After all, part of the Helmholtz Association’s mission is to have an impact on society and to help tackle the major challenges of our time. Quantum technology thus requires a collaborative effort. “We are currently good in Germany at building individual components for quantum technology,” says Wilhelm-Mauch. However, he adds, there is a lack of a “system integrator,” that is, an institution where the threads come together.
In Germany, Helmholtz-Quantum could take on this role and facilitate exchange between industry, politics and society. “We all want to see effective progress in quantum technology,” says Thomas Strohm of Bosch, which is researching quantum computers and quantum sensors. “That’s why we need to coordinate,” the physicist adds. Internally, Helmholtz Quantum is also closing the gap between basic research and application: At the new Helmholtz Quantum Center in Jülich, researchers are working on everything from new quantum materials to complete quantum computer systems.
In doing so, the experts at Helmholtz-Quantum always keep in touch with the world of quantum technology. They have excellent national and international networks. For example, Tommaso Calarco worked on the German government’s Roadmap Quantum Computing and was a driving force behind the European Union’s “Quantum Flagship”, a large-scale, long-term research project on quantum technology.
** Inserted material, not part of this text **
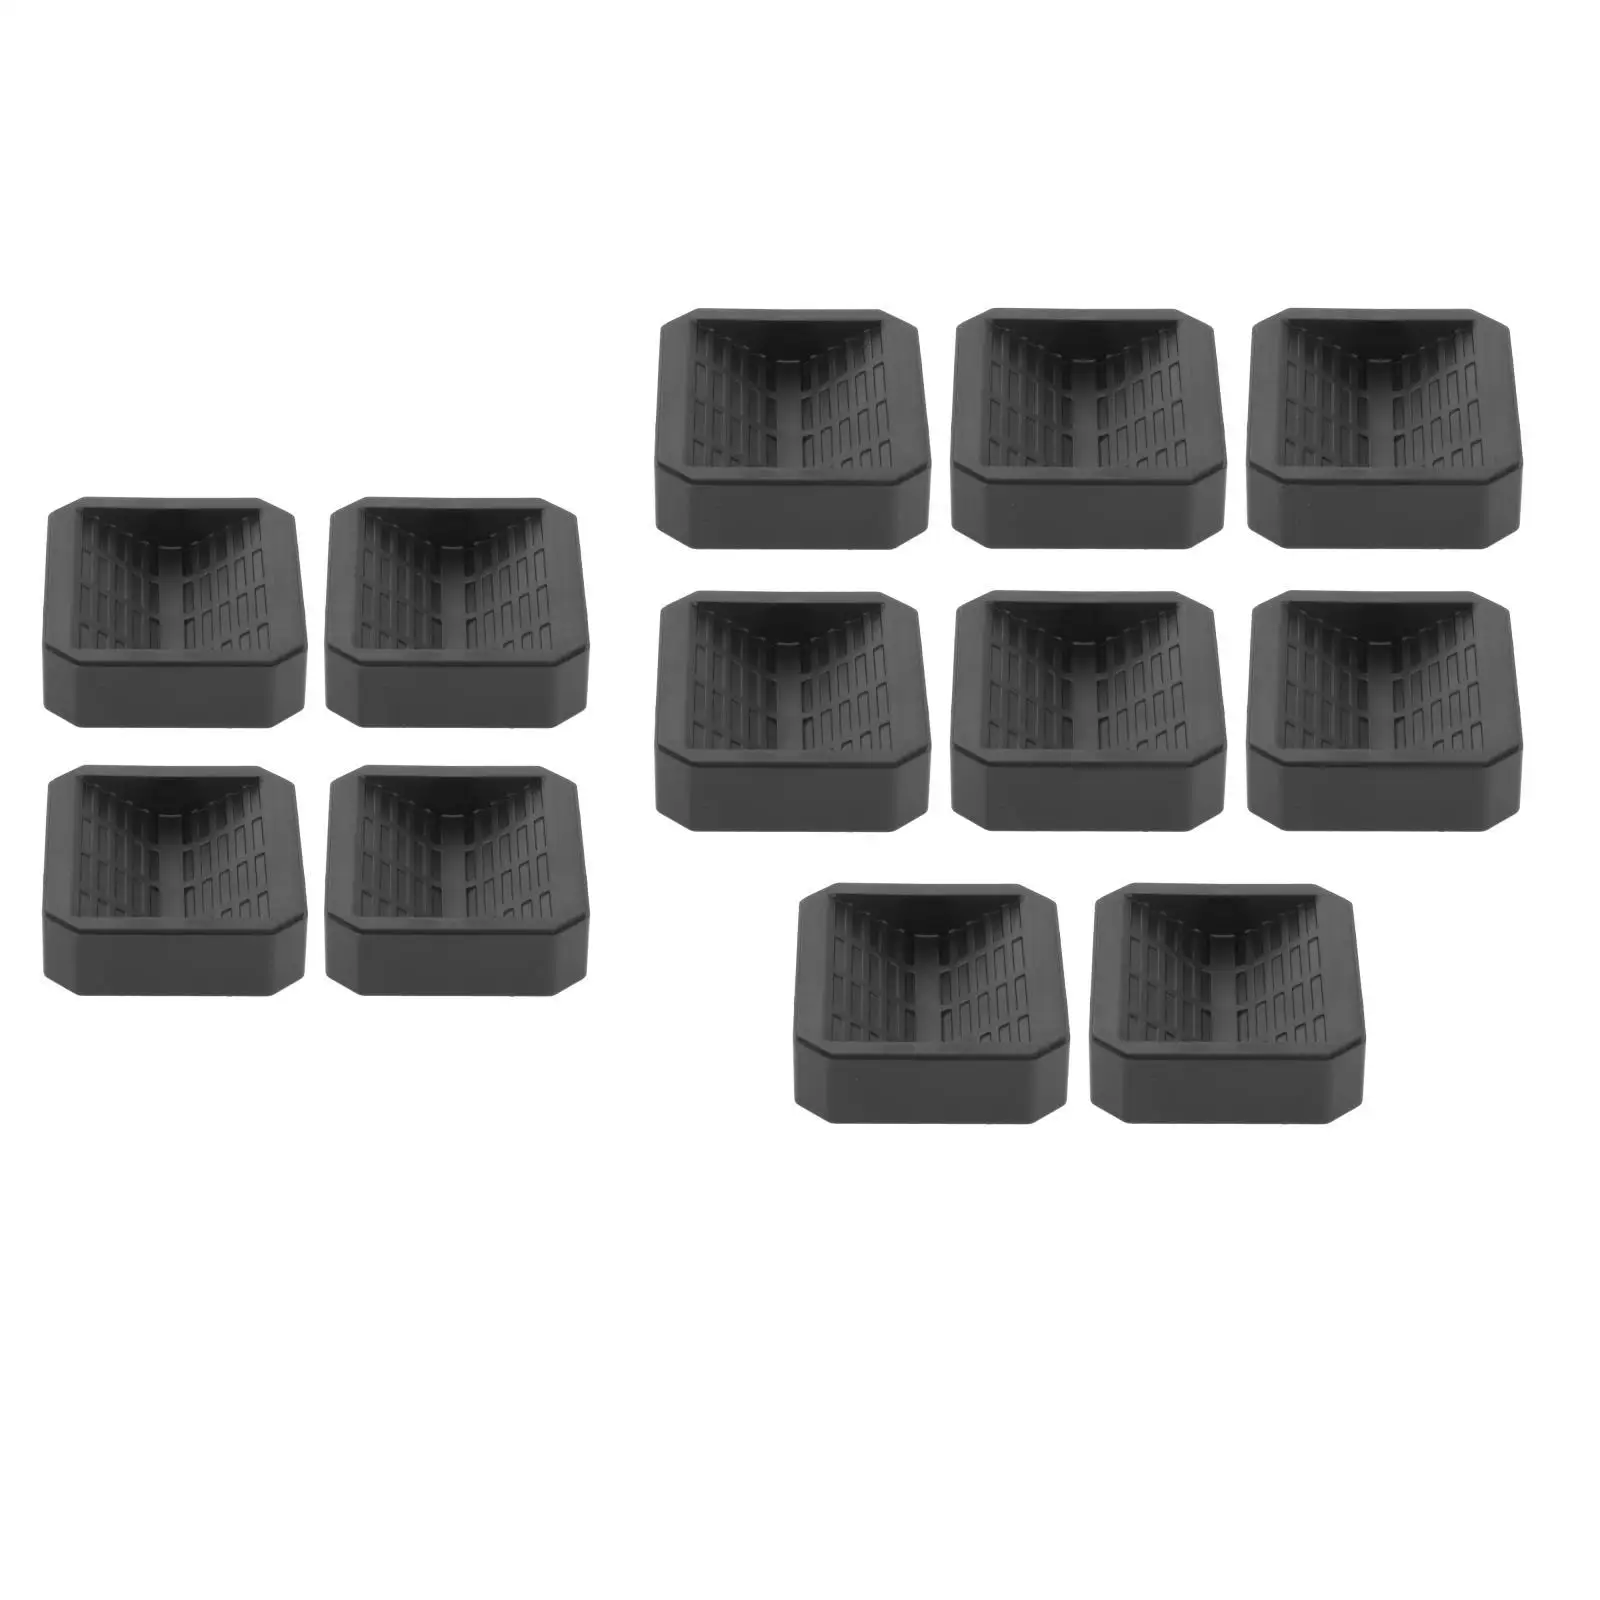 

Furniture Caster Cups Silent Floor Protectors Non Slip Noise Reducing Plastic Casters Furniture Wheel Stoppers for Beds Chairs

Helmholtz-Quantum researchers collaborate on projects with scientists at universities and research institutions around the world.
Researchers lead the way
Despite the overarching goal, the diversity, flexibility and openness of quantum research in the Helmholtz Association remains intact. The strategy comes from the research community, Calarco says. “The antennas will continue to stay up,” the physicist assures. For example, he says, there are people at each of the participating Helmholtz centers to whom researchers can turn with their ideas.
The strategy is geared toward an early, visible success. The next major milestone, which would cause a worldwide sensation, would be the demonstration of a “quantum advantage”: when a quantum computer solves a practical task faster than any classical computer for the first time. Researchers from the Helmholtz Association have already proven that they can make a significant contribution here: They were involved in Google’s demonstration of so-called “quantum superiority.” In 2019, a quantum chip from the tech company solved a task for the first time much faster than even the world’s fastest supercomputer could have. However, it was a purely academic problem with no applicable use. But the success is spurring researchers around the world to achieve a practically useful result by quantum computing faster than otherwise possible. A favorite for this is the simulation of complex chemical reactions, such as those that take place in e-car batteries. Such a simulation could result in a new material for a battery with higher storage capacity. The first German quantum computer has a good chance in this race. “We want to achieve the quantum advantage by 2026,” says Frank Wilhelm-Mauch. He sounds confident of success.
In the field of quantum technology research, Helmholtz is a national and European driver and scientific and technological pioneer. Together with partners at universities, research institutions and industry, the community aims to advance the development of quantum technologies from basic research to system development and application.”